Good question. Copyright laws are country-specific, right? So perhaps it is just trying to be clear that there is no license being asserted outside of the US.
Licenses are offered or granted (they are permissions from the copyright holder), not asserted.
My eyes read Scala but my brain was thinking Clojure, so I was a bit confused on why there weren’t any parentheses for the first couple of seconds looking at the source.
Are the rules versioned somehow?
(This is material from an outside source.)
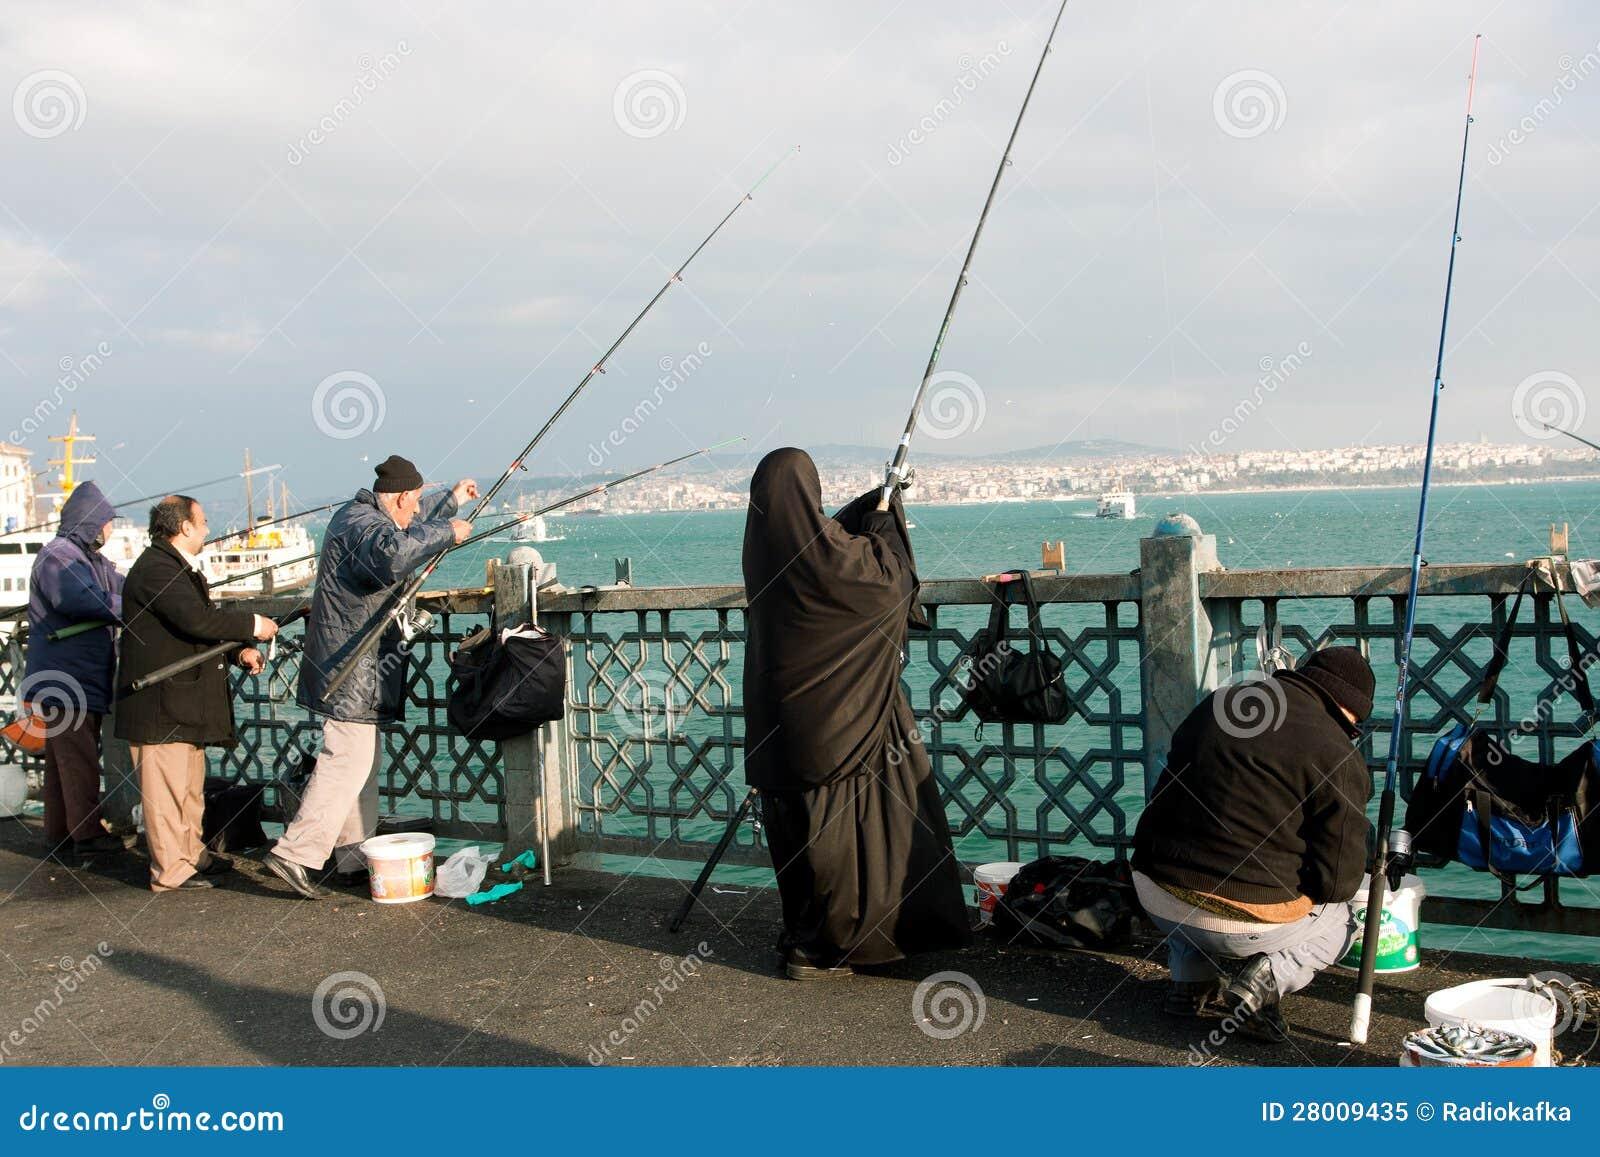 black river muslim Shia river 希亚河 shia sea 冒着波浪 to shia contract 装运合同的货物 black muslim (美国)黑人穆斯林运动的成员。 muslim culture 伊斯兰文化 伊斯文化.

I didn't see that.
This was such a fun neat part of the Direct File code drop 5 months ago. https://news.ycombinator.com/item?id=44131901
In particular there's a pretty nice inline tutorial that's still there in that release: https://github.com/IRS-Public/direct-file/blob/main/direct-f...
How can this be used to hack to save money !!
Surprised to learn we still have an IRS
Scala mentioned
[flagged]
Why would I want to use this over Prolog/Datalog?
Because prolog/datalog don't offer a list of questions that you can ask based on context to calculate someone's US taxes.
That's the database you consult(). Doing income taxes is well-suited to traditional logic programming.
This is a bit like asking "why would I use my car's schematics instead of a wrench".
This is the rules engine's details. You could use it to build the logic and traversal in whatever language you like.
I think they're asking why you would build a rules engine and fact graph instead of "just" encoding it in Datalog.